We anesthetized animals using 2% isoflurane and placed them in a stereotaxic frame. Mice were implanted with a fiber optic probe (400 μm diameter, 0.39 NA; RWD Life Science) in the PBN (−5.2 mm AP, +1.5 mm ML, −2.2 to −2.5 mm DV); during the same surgery they were injected with the viral construct, and the head plate was implanted. The mice were given 3 weeks to recover and to allow for viral expression in their home cage.

For recordings, the fiber optic probe was connected to an RZX10 LUX fiber photometry processor running Synapse software (Tucker-Davis Technologies) through a Doric Mini Cube (Doric Lenses). LEDs at 465 nm and 405 nm were used for GCaMP excitation and isosbestic control, respectively. LED power was calibrated weekly using a digital optical power meter (Thorlabs).

Analysis

We used pMat software (Bruno et al., 2021) to quantify photometry signals as changes in GCaMP fluorescence. These were converted to z-scores that were time locked using a time window starting 5 s before the onset of the noxious stimulus and lasting until 30 s poststimulus for each trial. A significant response was defined as one exceeding the 95% confidence interval of the baseline across all trials. The duration and AUC were calculated using the significant response of the z-score averaged across trials.

Conditioning

Recordings

Mice were head restrained in the Neurotar Mobile HomeCage to enable recordings of single units that are responsive to noxious heat (as above). When a responsive unit was identified, we presented a tone (1 s, 100 kHz, 88 dB) 10 times, with 2 min intervals, without applying noxious heat, while recording neuronal responses and pupil size. We then administered a conditioning paradigm, where a 1 s tone [conditioned stimulus (CS)] was paired with a 5 s noxious heat stimulus, where the tone was presented 3 s after the onset of the noxious heat, to align with the laser reaching noxious temperature. This pairing was repeated 15 times at 1 min intervals. The CS was presented until extinction with 2 min between presentations of the CS. We then administered the conditioning paradigm a second time. The CS was again presented until extinction.

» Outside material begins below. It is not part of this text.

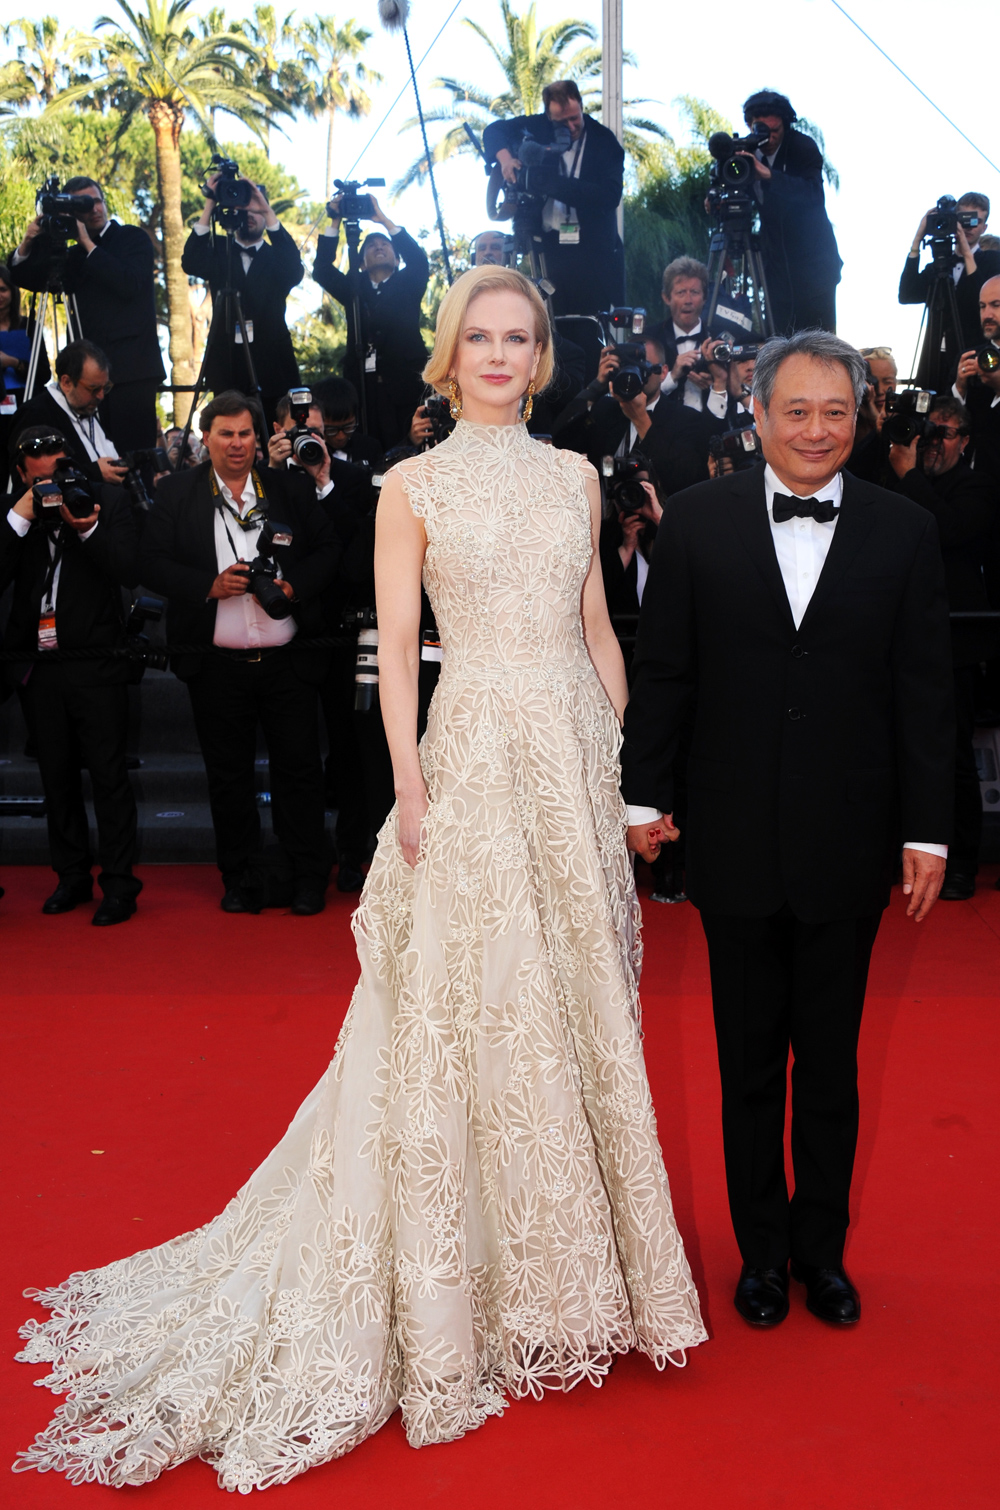 Kidman and fellow Cannes juror director of Crouching Tiger, Hidden Dragon, Ang Lee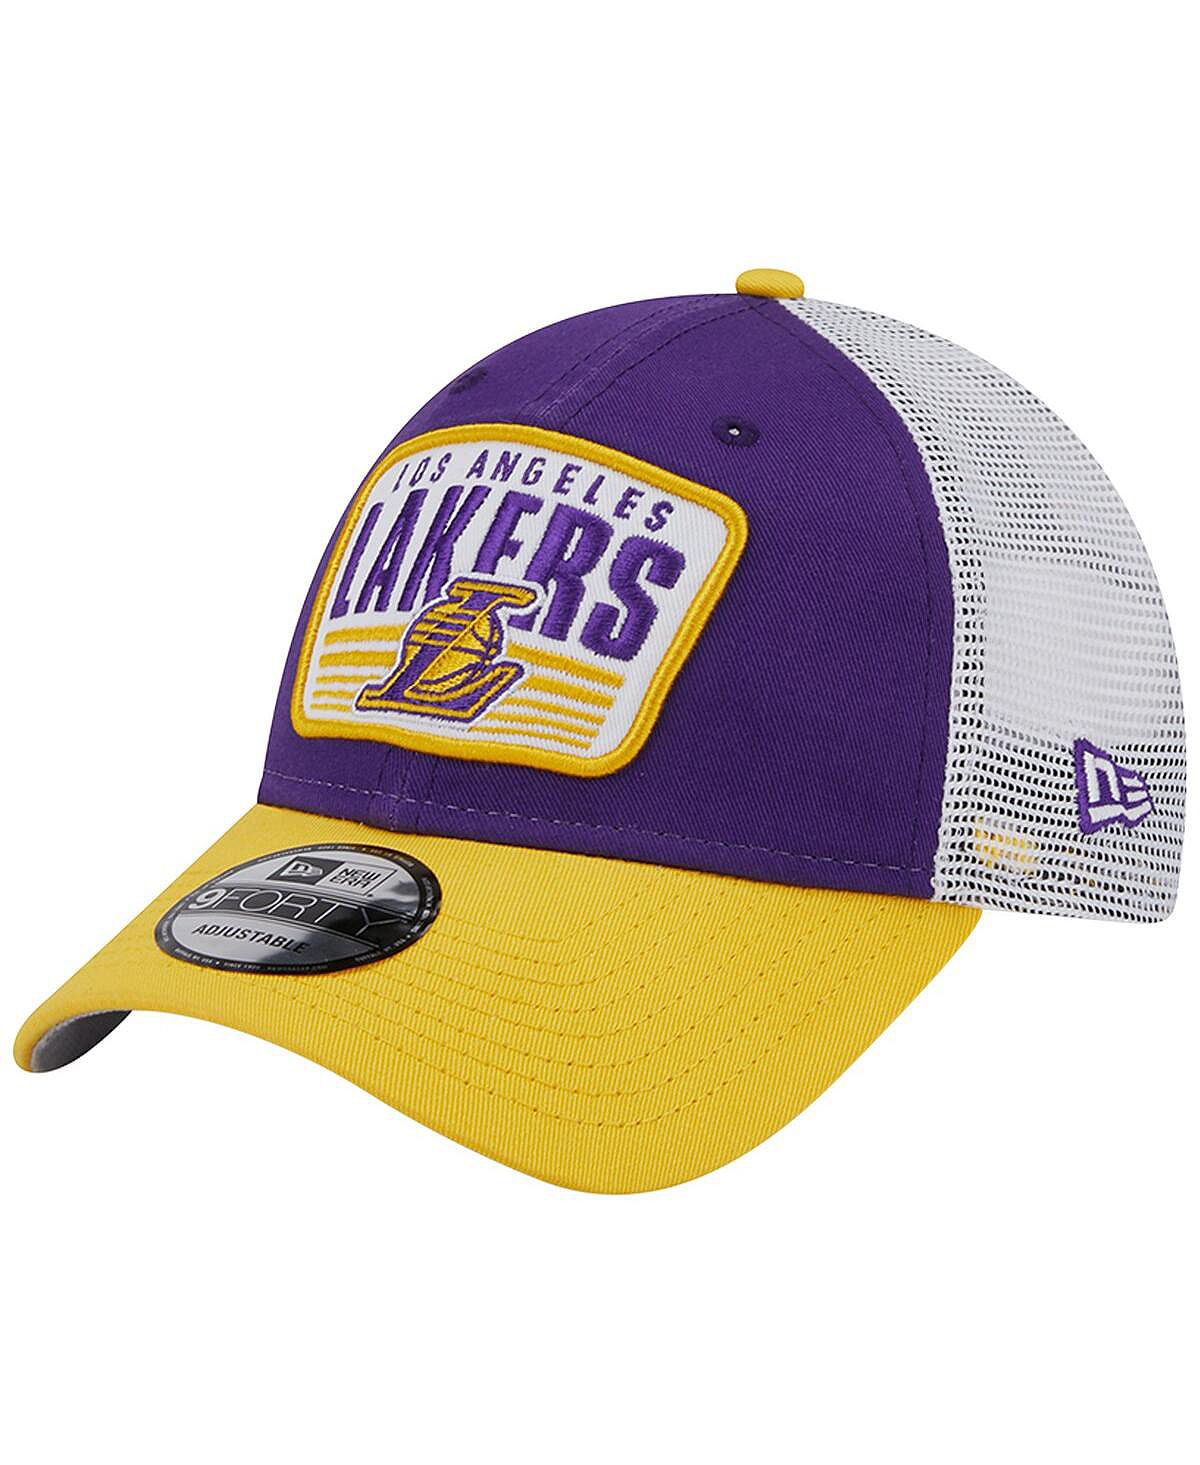 Мужская фиолетовая кепка Los Angeles Lakers с двухцветной нашивкой 9FORTY Trucker Snapback New Era

The firing rates of conditioned trials were binned at 0.1 s before being split into trials time locked at the stimuli onset. A significant response was defined as exceeding the 95% confidence interval of the prestimulus baseline across all trials. Group data were quantified using average firing rate and pupil size, calculated using binned data (0.1 s) during the stimulation duration (1 s) across trials.

Pupillometry

We videotaped pupils in head-restrained mice, under low light conditions using a webcam (Logitech Brio). Recordings were acquired at 30 Hz using custom MATLAB scripts and the Image Acquisition Toolbox (MathWorks). Noxious heat stimulation time stamps were recorded by a microcontroller (Arduino Uno R3) using a custom script in Python (https://www.python.org/). These time stamps aligned the video with the electrophysiological data. Pupil area was measured from the videos off-line using Facemap software (Stringer et al., 2019). We excluded times when Facemap detected that the animal blinked. Pupil area was normalized between [0,1] using the minimum and maximum value within each recording session. Normalized pupil areas of conditioned trials were binned at 0.1 s before being split into trials time locked at the stimuli onset. A significant response was defined as exceeding the 95% confidence interval of the baseline across all trials.

We defined spontaneous activity as activity at least 3 min before the onset of the first stimulus. Firing rates and normalized pupil areas during this time were binned using a width of 1 s. The normalized pupil areas were downsampled to accommodate the bins of the spike rate by calculating the median within each bin. We applied a minimum cutoff of 10 Hz to the firing rates. To investigate the relationship between spontaneous activity and normalized pupil area we quantified it as the Pearson correlation coefficient.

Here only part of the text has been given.